If a problem asks for an approximation, please use the methods described in the video lecture segments. Unless the problem says otherwise, please give answers correct to one decimal place according to those methods. Some of the problems below are about simple random samples. If the population size is not given, you can assume that the correction factor for standard errors is close enough to 1 that it does not need to be computed. Please use the 5% cutoff for P-values unless otherwise instructed in the problem.

PROBLEM 1

A statistical test is performed, and its P-value turns out to be about 3%. Which of the following must be true? Pick ALL that are correct.

a. The null hypothesis is true.

b. There is about a 3% chance that the null hypothesis is true.

c. The alternative hypothesis is true.

d. There is about a 97% chance that the alternative hypothesis is true.

e. If the null hypothesis were true, there would be about a 3% chance of getting data that were like those that were observed in the sample or even further in the direction of the alternative.

f. The P-value of about 3% was computed assuming that the null hypothesis was true.

Solution

(e) and (f) are correct. Firstly, 3% is computed under assuming $H_0$ is true. So (f) is correct. Then, P-value means: assuming the null is true, the chance of getting data like the data in the sample or even more like the alternative. So (e) is correct (definition of P-value). Note that (a) and (c) could be wrong because there are two types of error, Type I and Type II error. There is no such thing as "the chance that the null / alternative is true". So (b) and (d) are incorrect.

PROBLEM 2

The distribution of cholesterol levels of the residents of a state closely follows the normal curve. Investigators want to test whether the mean cholesterol level of the residents is 200 mg/dL or lower. A simple random sample of 12 residents has a mean cholesterol level of 185 mg/dL, with an SD of 20 mg/dL (computed as the ordinary SD of a list of 12 numbers, with 12 in the denominator). Let $m$ be the mean cholesterol level of the residents of the state, measured in mg/dL. In Problems 2A-2E, perform a $t$ test of the hypotheses $$\text{Null}: m = 200$$ $$\text{Alternative}: m < 200$$

2A You are using data from a simple random sample to test the given hypotheses. Which of the following sets of assumptions is further required to justify the use of a $t$ distribution to compute the P-value?

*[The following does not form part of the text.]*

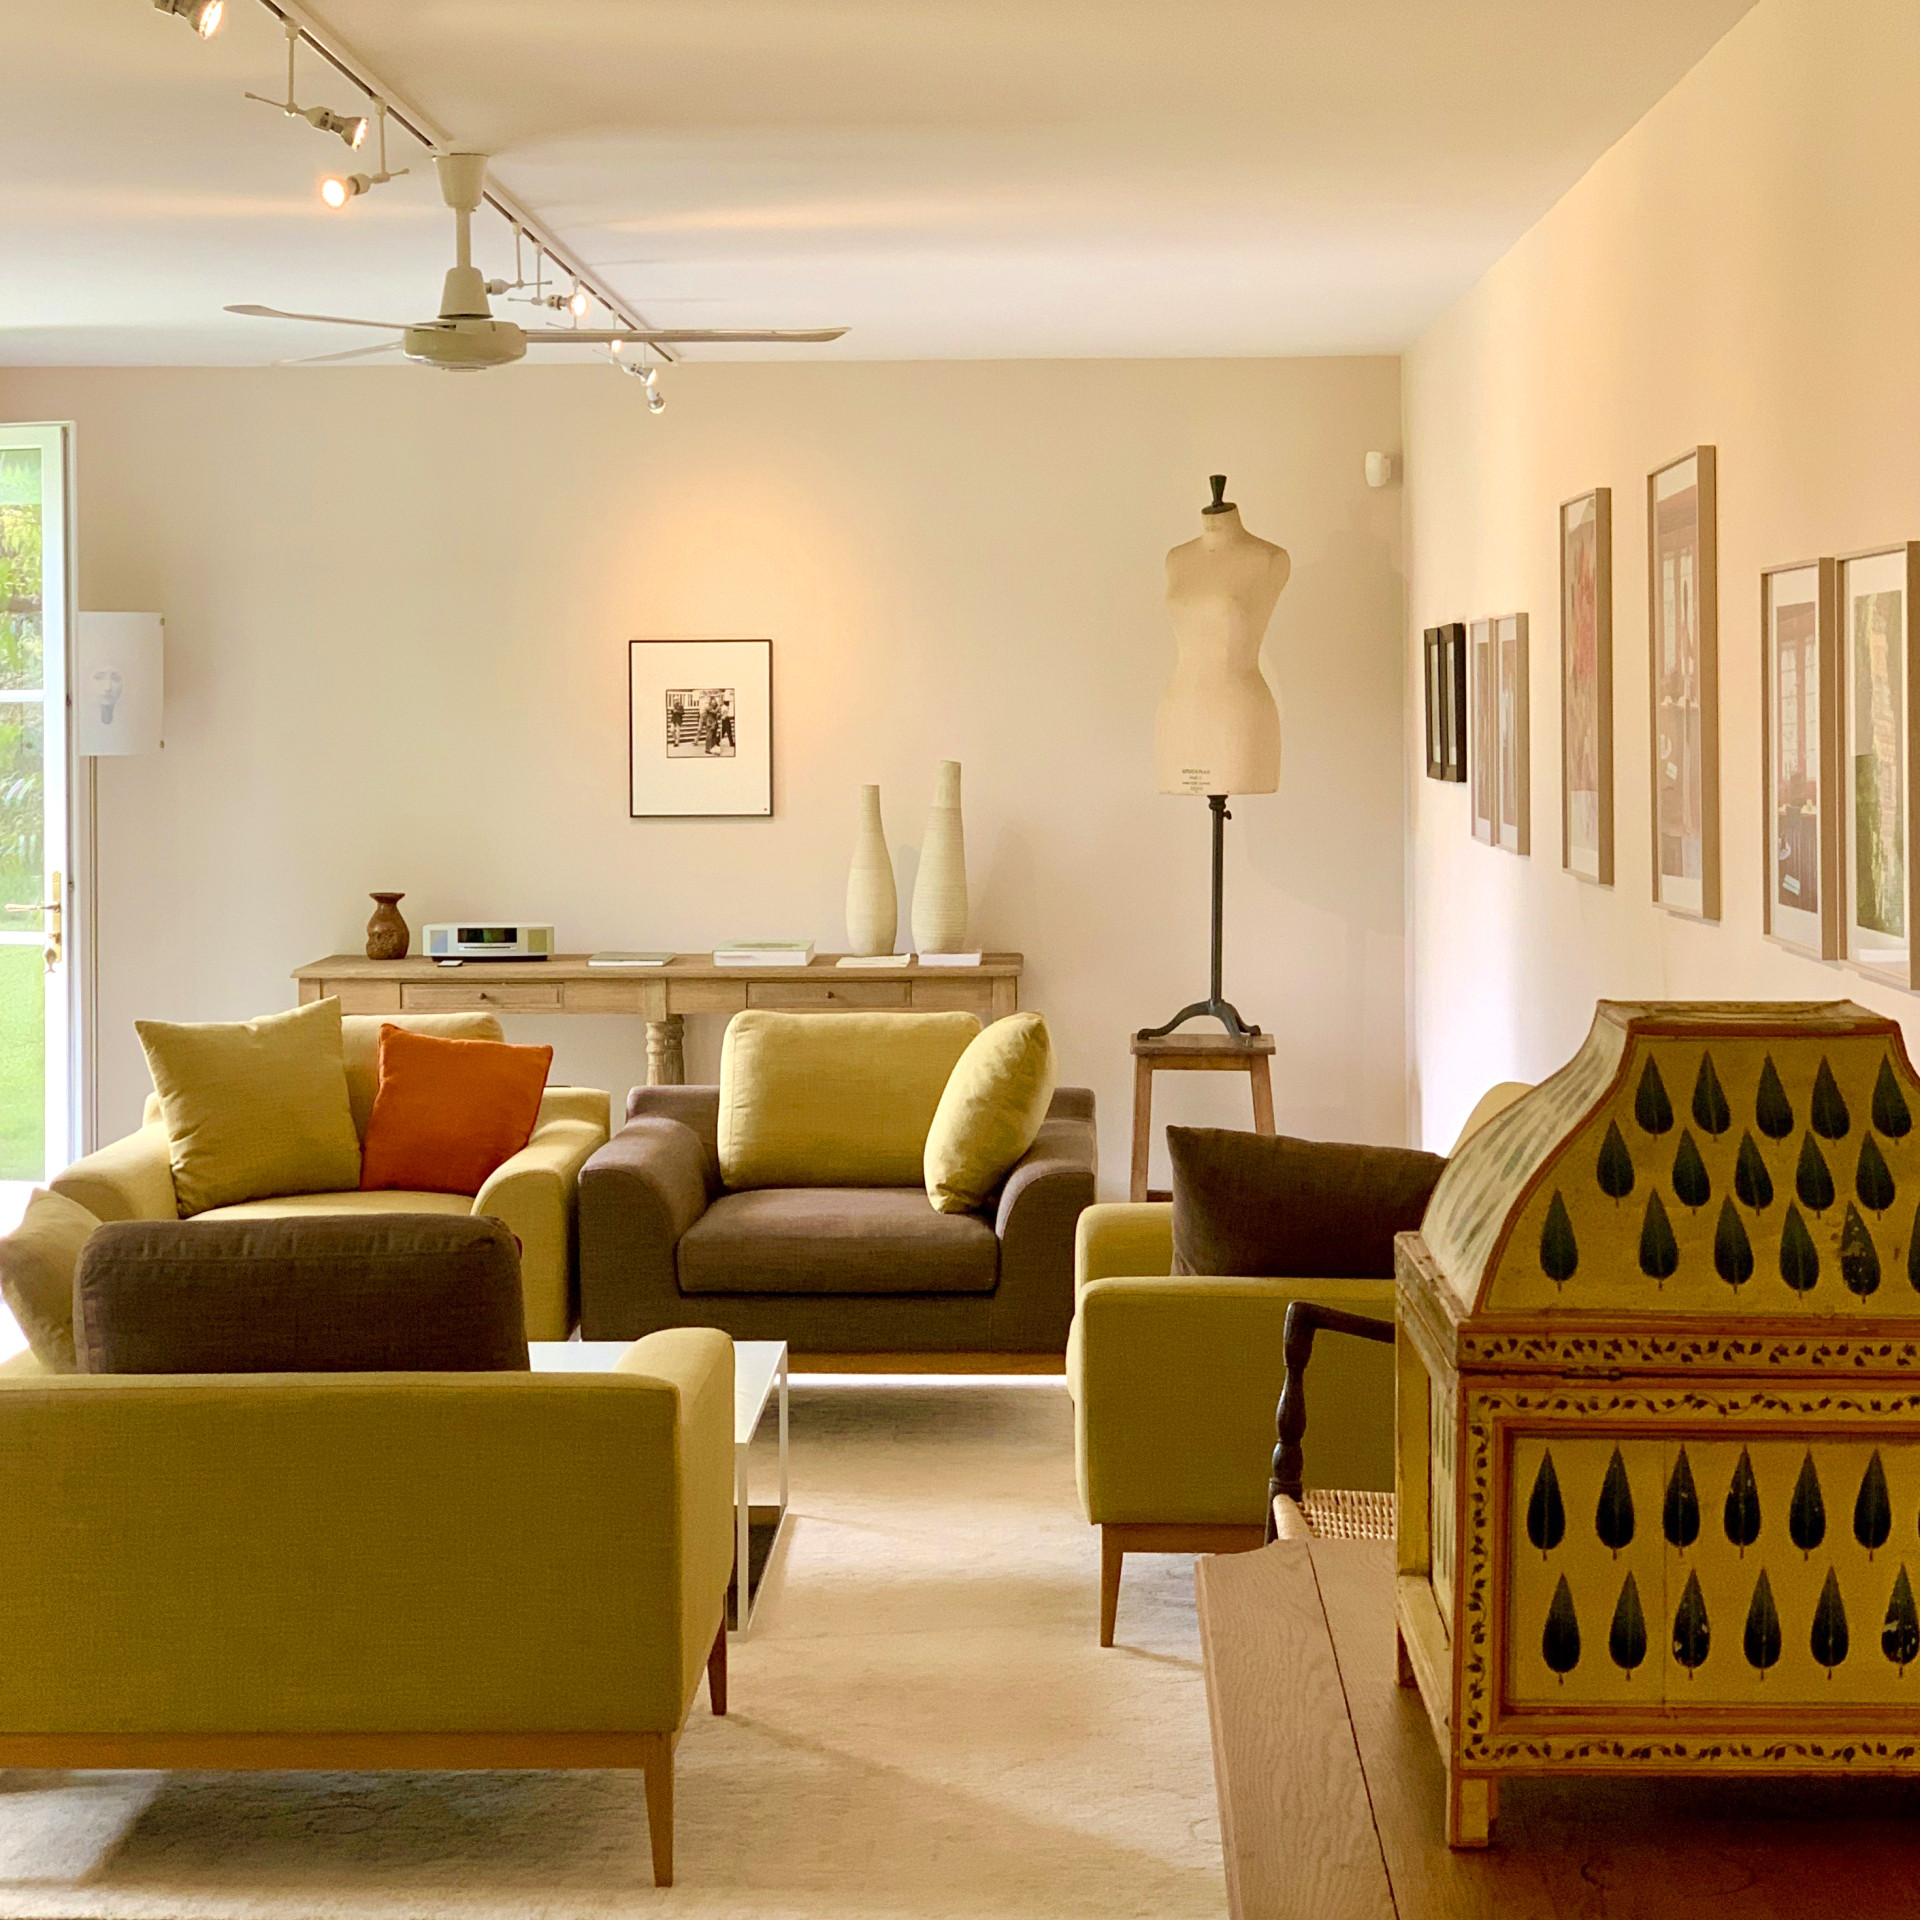 Le Pavillon de Galon - A lounge transforming its atmosphere through the seasons of Provence

a. The distribution of the cholesterol levels of the residents of the state is close to normal.

b. The distribution of the cholesterol levels of the residents of the state is close to normal, with an unknown mean.

c. The distribution of the cholesterol levels of the residents of the state is close to normal, with an unknown mean and an unknown SD.

2B The t distribution that should be used has ( ) degrees of freedom.

2C The value of the t statistic is closest to?

2D The P-value of the test is closest to?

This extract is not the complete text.